Page MenuHomePhabricator

Set resource requests and limits for calico PODs
Closed, ResolvedPublic

Description

Currently we lack resource requests and limits for calico pods.

As we now have a baseline of what they need from codfw cluster, we should add them to the chart to have all calico components running in Guaranteed QoS class.

Related Objects

Event Timeline

Change 677906 had a related patch set uploaded (by JMeybohm; author: JMeybohm):

[operations/deployment-charts@master] calico: Add defauls for container resources

https://gerrit.wikimedia.org/r/677906

Change 677906 merged by jenkins-bot:

[operations/deployment-charts@master] calico: Add defauls for container resources

https://gerrit.wikimedia.org/r/677906

This is not exactly looking great on the staging clusters as we can see heavy throttling. The current assumption is that this is caused by the very spiky nature of the work done by the processes here and that we don't see that properly reflected in the prometheus metrics (as the scrape interval is 60s, it's likely that we "miss" the spikes).

While this does not look like a big performance hit to the calico components, I would like to further investigate to at least strengthen theory and/or come up with proper requests and limits (or no limits at all...) before going to production.

I tried to verify the above assumption by collecting metrics more frequently (per second) from the docker API (see P15857). This paints a more clear picture of that happens:

This is also a go-GC problem as there is plenty memory left.

Below is a brain dump from @akosiaris and me regarding the different options and their outcome:

= calico-node daemonset without requests/limits =

* The scheduler is unimportant as far as this pod goes, it's going to be placed on the node anyway
* The pod can not be evicted as it is part of daemonset
* The pod will not be throttled. (As long as there are enough resources)
* The scheduler will not account for the calico node pod when calculating the available resources on the node
** kubectl describe node won't have the resources for that pod listed in the output

= calico-node daemonset with requests but no limits =

* The scheduler is unimportant as far as this pod goes, it's going to be placed on the node anyway
* The pod can not be evicted as it is part of daemonset
* The pod will not be throttled. (As long as there are enough resources)
* The scheduler will account for the calico node pod when calculating the available resources on the node. 

= calico-node daemonset with limits but no requests =

* The scheduler is unimportant as far as this pod goes, it's going to be placed on the node anyway
* The pod can not be evicted as it is part of daemonset
* The pod will be throttled if it goes above the limits usage
* Kubernetes will set the requests to what is defined as limits in this case

= calico-node daemonset with limits and requests but limits > requests =

* The scheduler is unimportant as far as this pod goes, it's going to be placed on the node anyway
* The pod can not be evicted as it is part of daemonset
* The pod will be throttled if it goes above the limits usage or if there are not enough ressources
* The scheduler will account for the calico node pod when calculating the available resources on the node. 

= calico-node daemonset with limits and requests and limits = requests =

* The scheduler is unimportant as far as this pod goes, it's going to be placed on the node anyway
* The pod can not be evicted as it is part of daemonset
* The pod will be throttled if it goes above the limits usage but is guaranteed to not be throttled for resources below the limits
* The scheduler will account for the calico node pod when calculating the available resources on the node.

We decided to remove the CPU limits from calico pods to keep them from throttling. Unfortunately that means they land in the bustable QoS class, but that should be okay if we don't heavily over commit nodes.

See also:

I've looked into typha and kube-controllers component as well as they shot a similar patterns (different magnitude, though).
Unfortunately we lack prometheus metrics for kube-controlles (as they are not available in calico 3.17).

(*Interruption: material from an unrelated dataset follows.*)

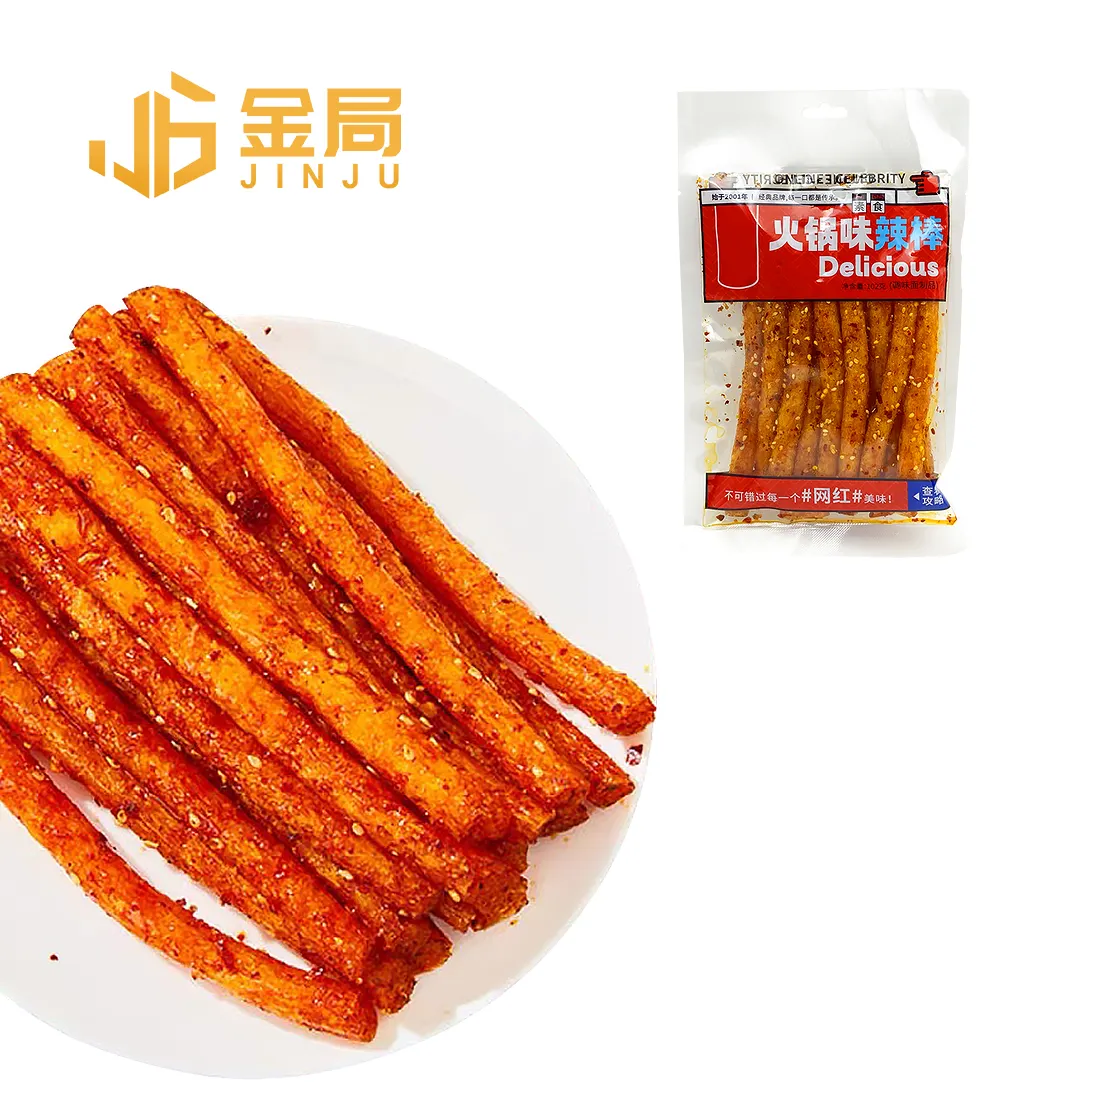 Hot bán phổ biến Trung Quốc Dải cay latiao hạt đồ ăn nhẹ đồ ăn nhẹ Trung Quốc Dải cay

Typhas throttling seems mostly related to Go GC and a bunch of go routines pinging each other regularly. I'd assume the same for kube-controllers but I can't be sure currently.


https://grafana.wikimedia.org/dashboard/snapshot/CZ9hSpRtQdaUCvuygZfXwZq4OyeHHTJr

Change 688332 had a related patch set uploaded (by JMeybohm; author: JMeybohm):

[operations/deployment-charts@master] calico: Remove CPU limit for calico-node, bump for typha and kube-controllers

https://gerrit.wikimedia.org/r/688332

Change 688332 merged by jenkins-bot:

[operations/deployment-charts@master] calico: Remove CPU limit for calico-node, bump for typha and kube-controllers

https://gerrit.wikimedia.org/r/688332

Change 688895 had a related patch set uploaded (by JMeybohm; author: JMeybohm):

[operations/deployment-charts@master] calico: Remove limits.cpu instead of requests.cpu for calico-node

https://gerrit.wikimedia.org/r/688895

Change 688895 merged by jenkins-bot:

[operations/deployment-charts@master] calico: Remove limits.cpu instead of requests.cpu for calico-node

https://gerrit.wikimedia.org/r/688895

Calico components are running with resource definitions in all clusters now.